The basic disagreement between your correspondents and myself about my review of Gentleman’s Agreement is, I think, a significant one, involving more than a difference of opinion about this particular book. Mr. Middlebrook accuses me of an animus against Mrs. Hobson’s novel, of being bored by liberalism, and in general of talking nonsense. Miss Lapides accuses me of grudging praise to a work of obviously good social and political intention. It seems to me clear, however, that what really disturbs both writers is the fact that my review submitted a “liberal” document—and, specifically, a document in defense of the Jews—to the kind of examination which they feel would be better reserved for the other, the reactionary or anti-Semitic, side. This point of view, which regards “liberalism” and all good causes as a kind of sacrosanctity, not to be criticized or questioned, is so prevalent nowadays among people of good will that I could scarcely have been unprepared for exciting it against me when I wrote about Mrs. Hobson’s book as I did.

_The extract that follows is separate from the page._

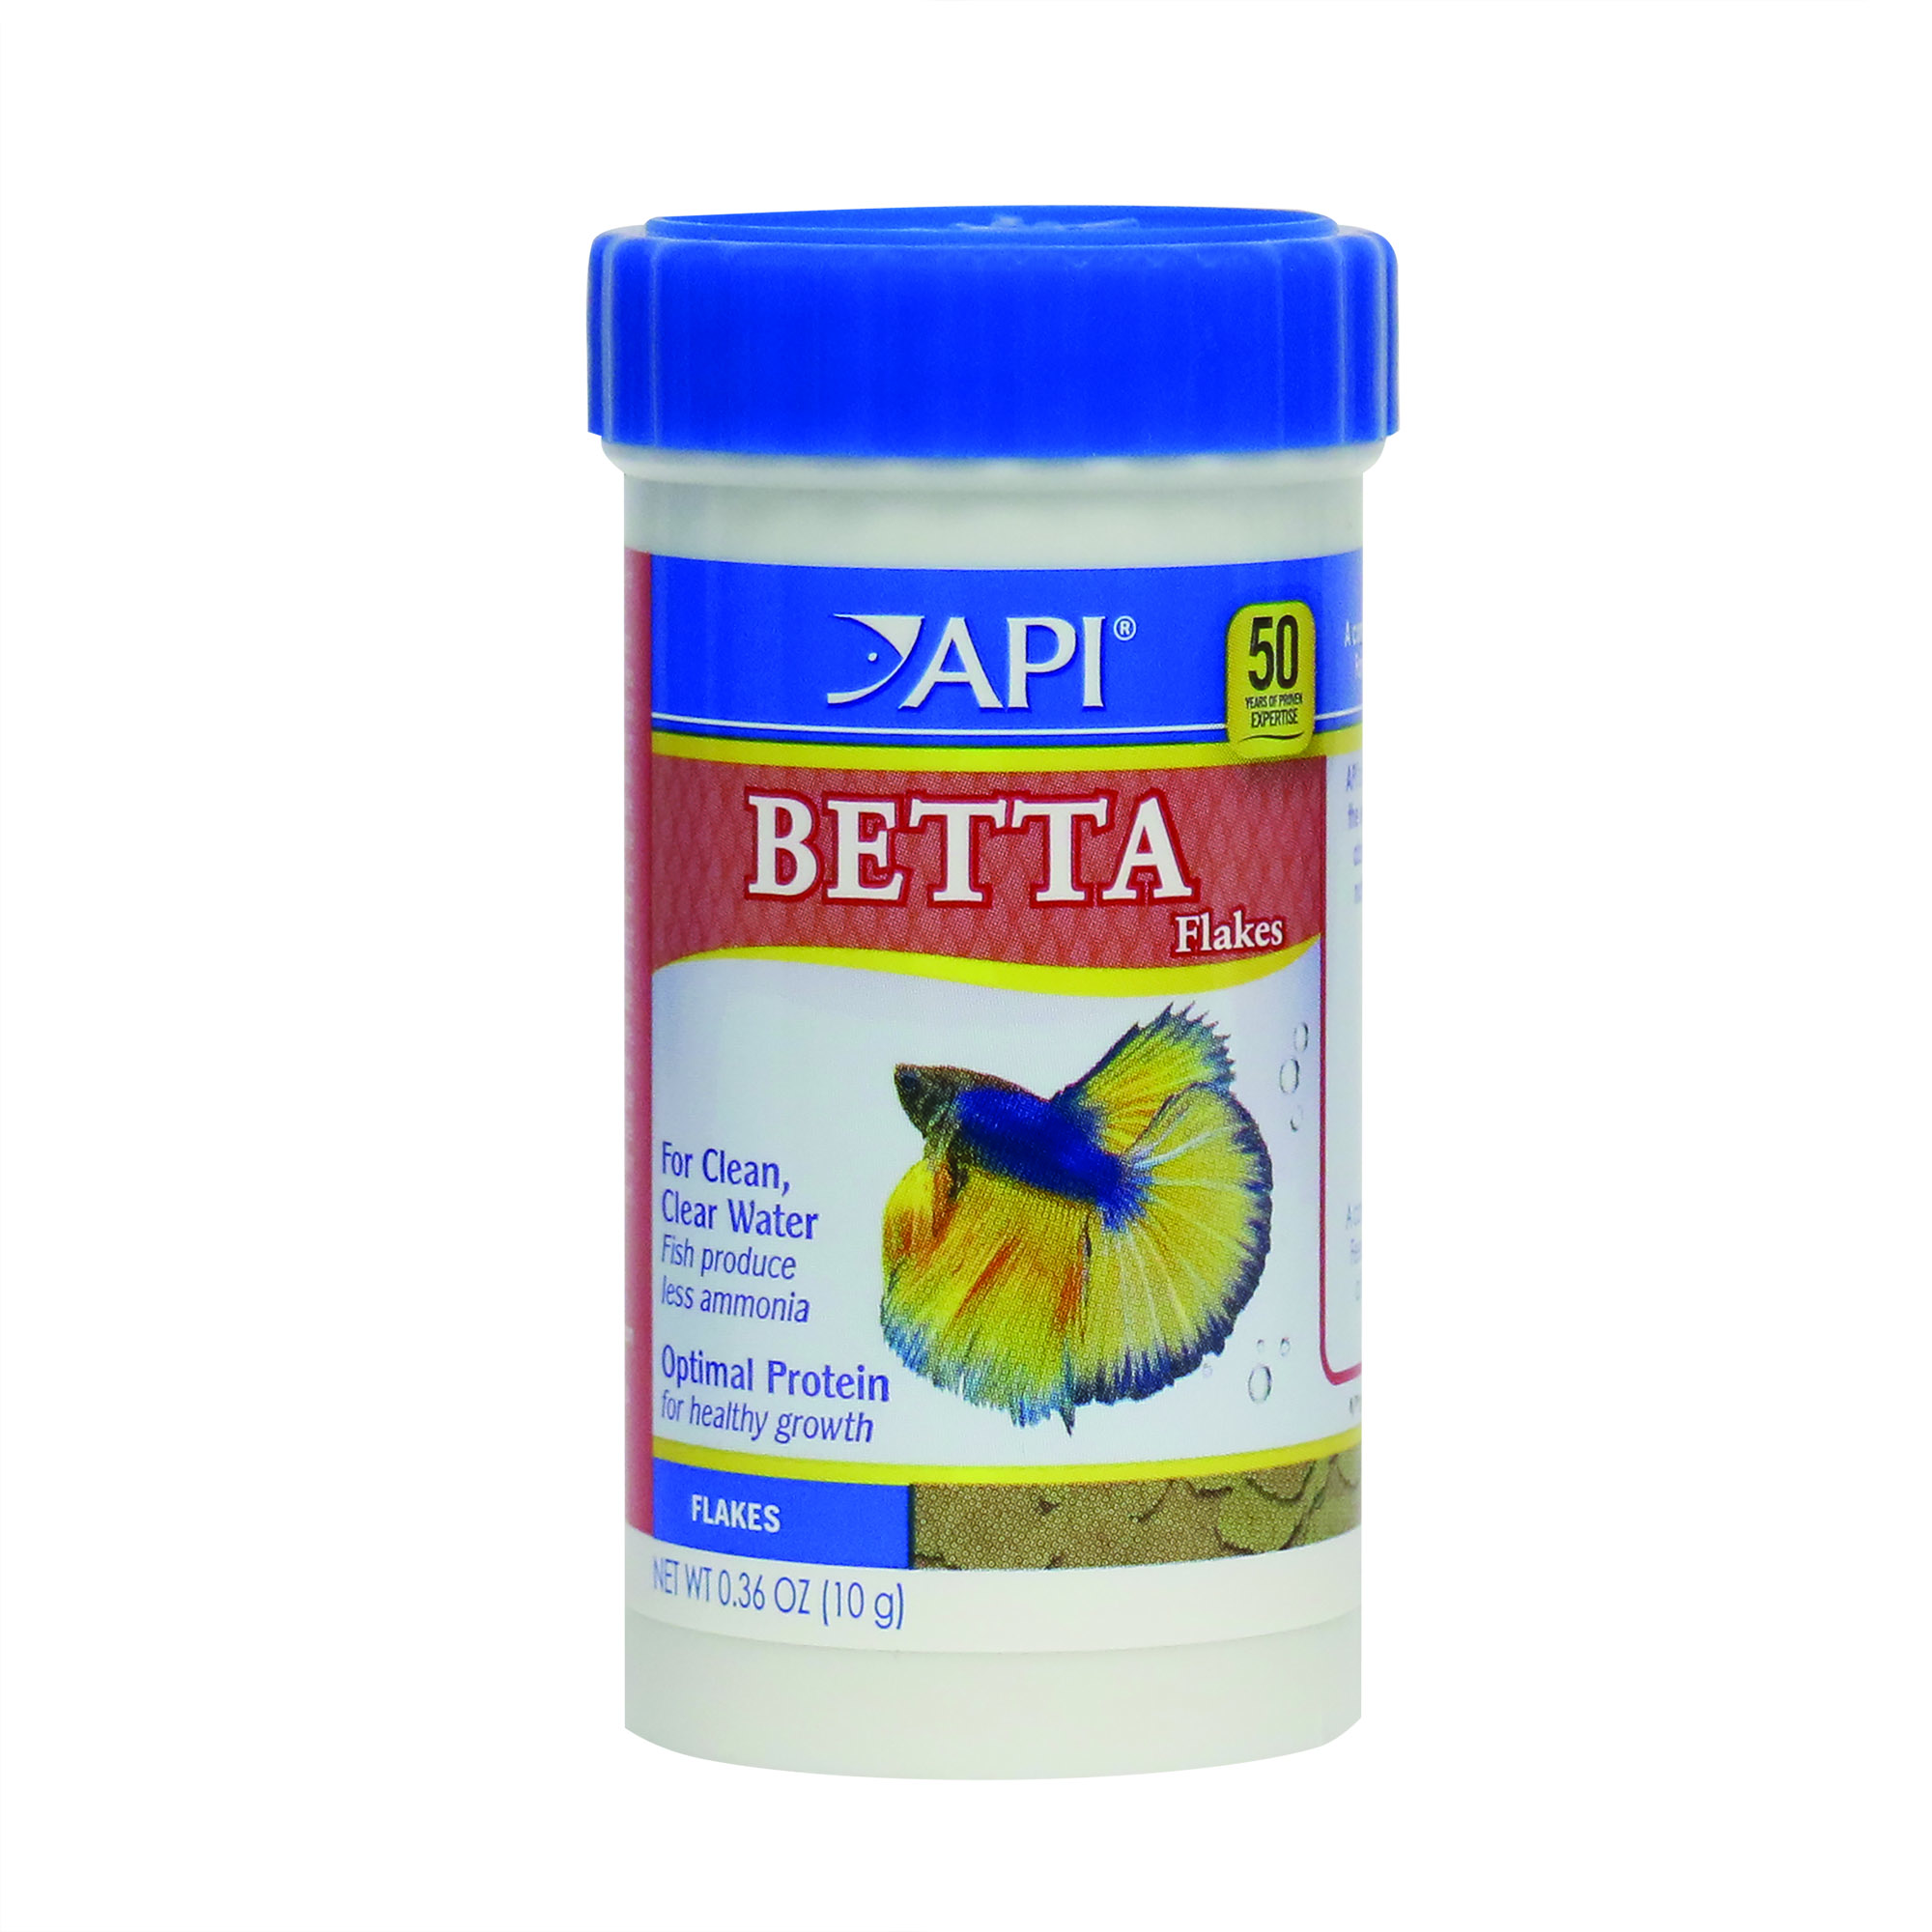 BETTA FLAKES
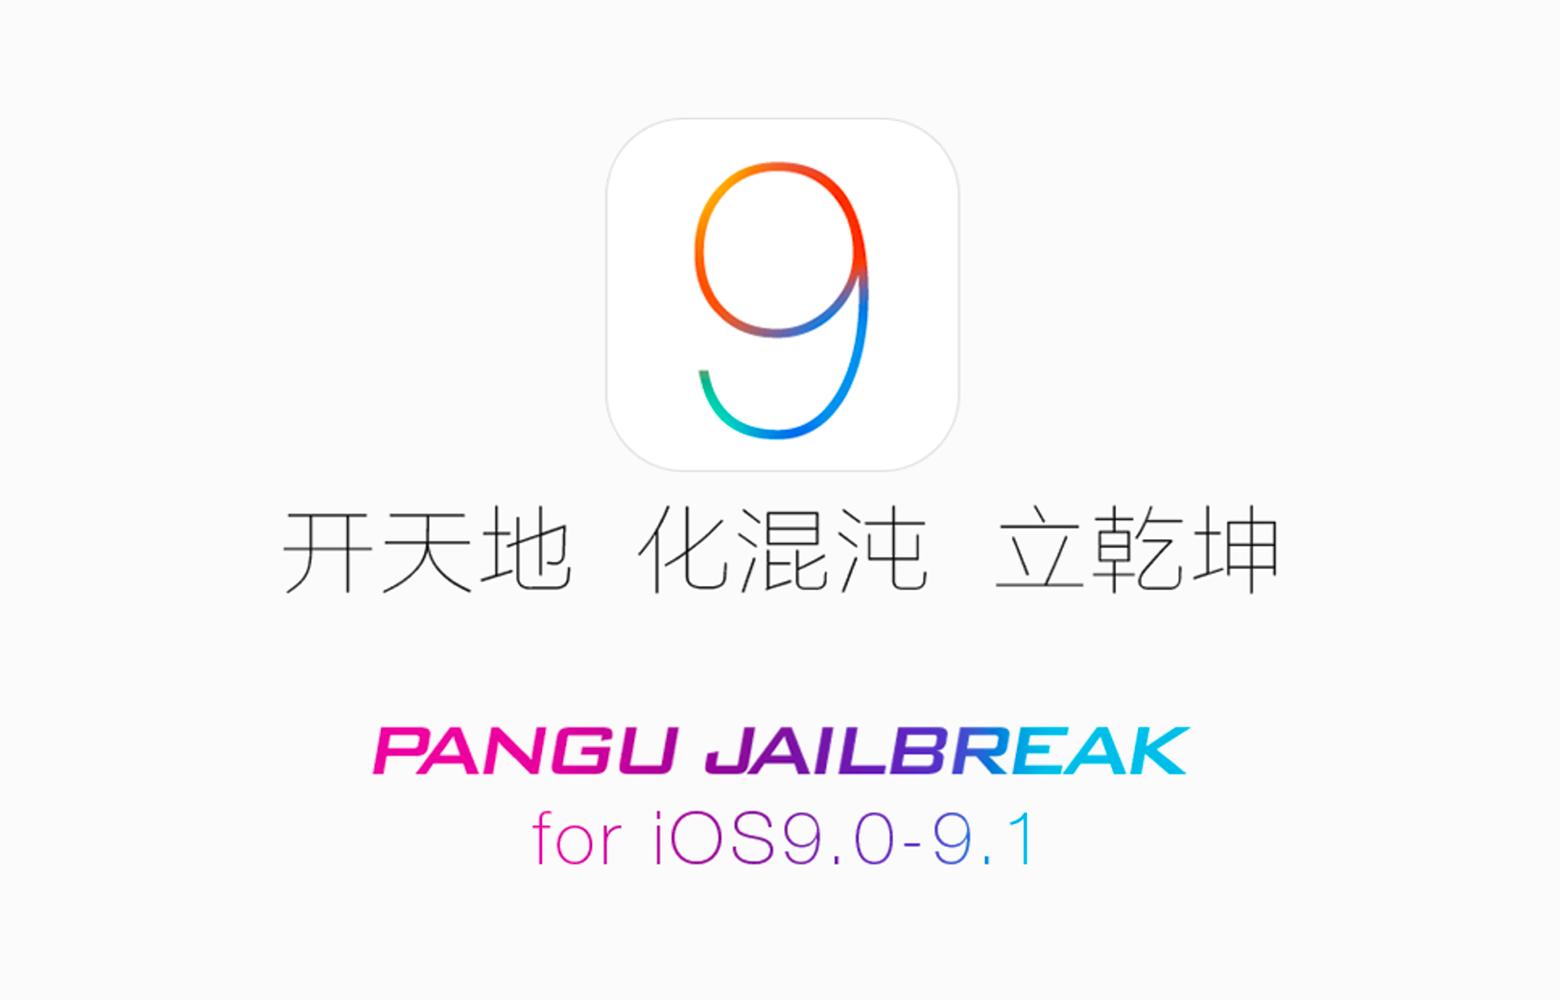 como-hacer-jailbreak-iphone-ipad-ios-9-1-mac-windows

You will note that I will be careful in this letter to distinguish between the word “liberal” in quotation marks and the word liberal without quotation marks. The precaution is a nuisance but a semantic necessity. Quotation marks are my dull device for indicating that I use the term, not in its honorific historical sense, but in a strictly contemporary sense—with the possibility of an uncomplimentary connotation. There was a time when liberalism referred quite simply to an attitude toward life which was characterized by the free play of the intellect and by the refusal to be guided in one’s social and political opinions by prejudice, preconception, or any form of special interest. This is no longer so. Quite the contrary of denoting the free spirit of inquiry, it now describes a definite set of mind, an attitude toward life which operates upon a whole series of preconceptions and imperatives. When I said in my review, “Surely no totalitarian ideal has ever projected a more complete regimentation of the psychic life of a nation than our present-day liberal ideal,” and, in the space at my disposal, listed some few of the tests of this regimentation—attitudes toward sex, marriage, child-rearing etc.—that could be applied to Mrs. Hobson’s book, I was defining and anatomizing what I consider to be a very important section of contemporary opinion. I should, however, for the sake of clarity, have put the quotation marks around the word “liberal.”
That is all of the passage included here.